How exactly is one supposed to translate "almak olduğu gibi" in the following sentence?

İşleriniz arasında sefarette çalışan memurların maaşlarını vermek, sefaret için kömür, odun, ve kırtasiye *almak olduğu gibi* müstahdem bulmak da vardı.

I'm guessing it would go, "Amongst your tasks was giving the officials working at the embassy their salaries and finding an employee *who would do such things as buy* coal, firewood, and stationery."

Could a native help me out?
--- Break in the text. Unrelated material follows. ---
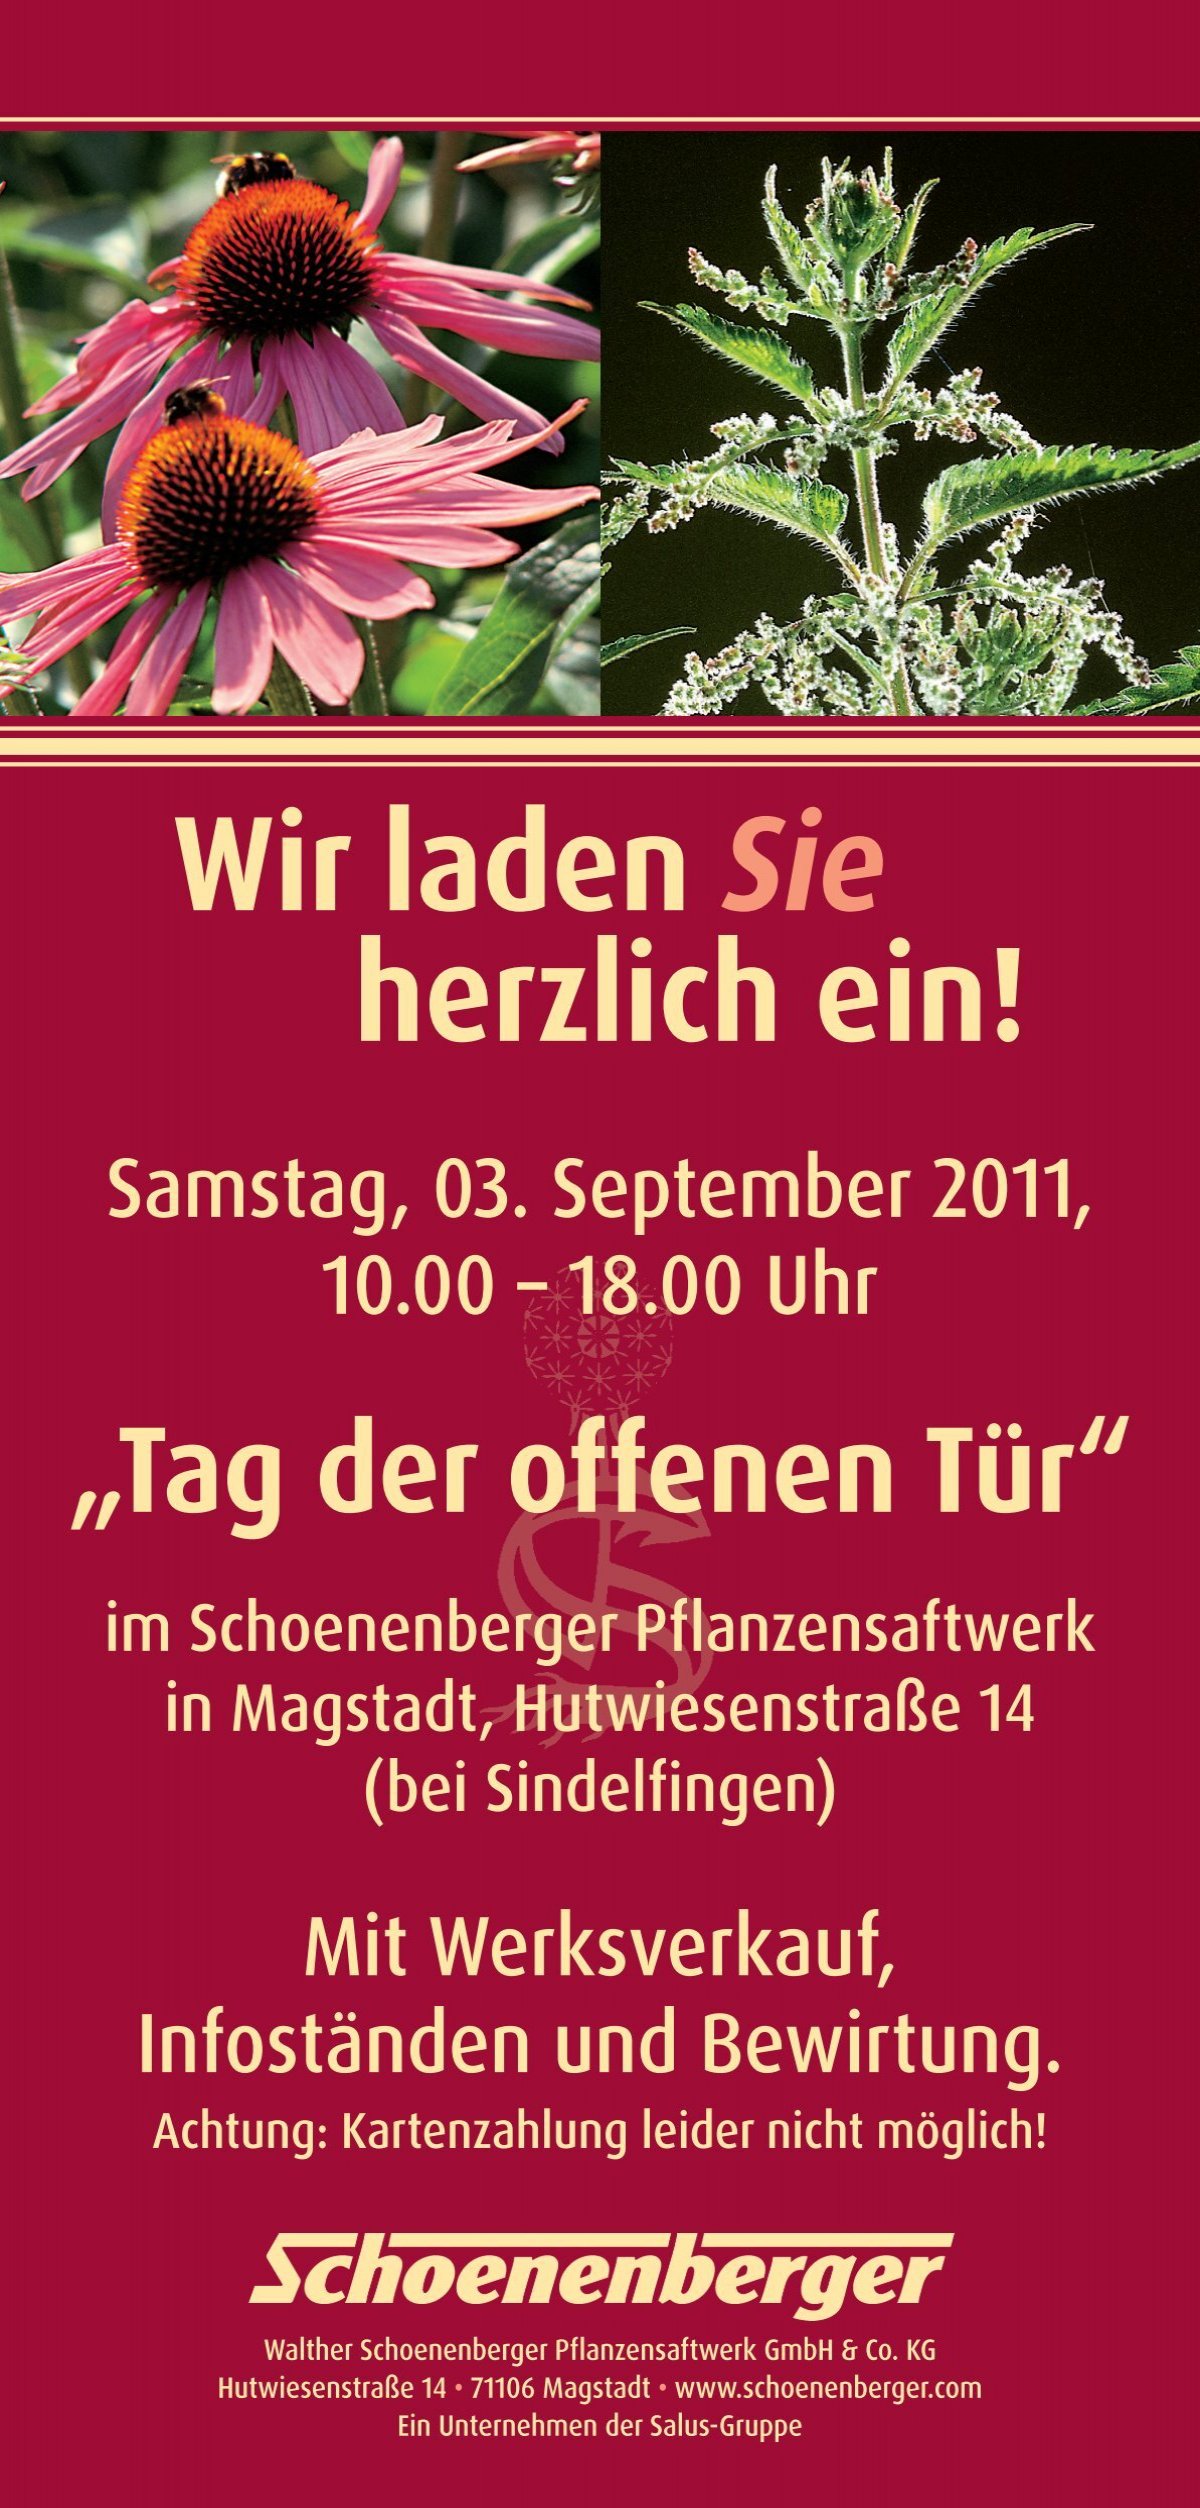 Info-Flyer als PDF downloaden - Schoenenberger Pflanzensaftwerk

Thanks!


----------



## Guner

Here you go:
"Your tasks (job description/responsibilities) included giving the salaries of the officials working at the embassy, purchasing coal, firewood, and stationery as well as, hiring (employing) employees (staff) for the embassy." 

So hiring employees is mentioned as one of the responsibilities of the third person and not as one of the responsibilities of the staff he hires.

Hope this helps,
Baris


----------



## James Bates

So "olduğu gibi" means "as well as". Thanks!


----------



## Rallino

No, just "-diği gibi" means _as well as_. And then you attach the appropriate verb. In the sentence you gave it's 'olmak'; therefore _*olduğu gibi.*_ There can be other verbs as well.


----------



## James Bates

I see! Could you give me some examples of other verbs using -diği gibi?


----------



## Rallino

Tatilde her zaman temiz otellerde kaldığımız gibi, temiz restoranlarda yemeye de* dikkat ediyorduk.

(On holiady, we would always stay at clean hotels, as well as eating at clean restaurants)


*Notice that in this construction, we almost always use the conjunction -de in the second part of the sentence. It's there in your sentence as well.


----------



## James Bates

Thank you once again!


----------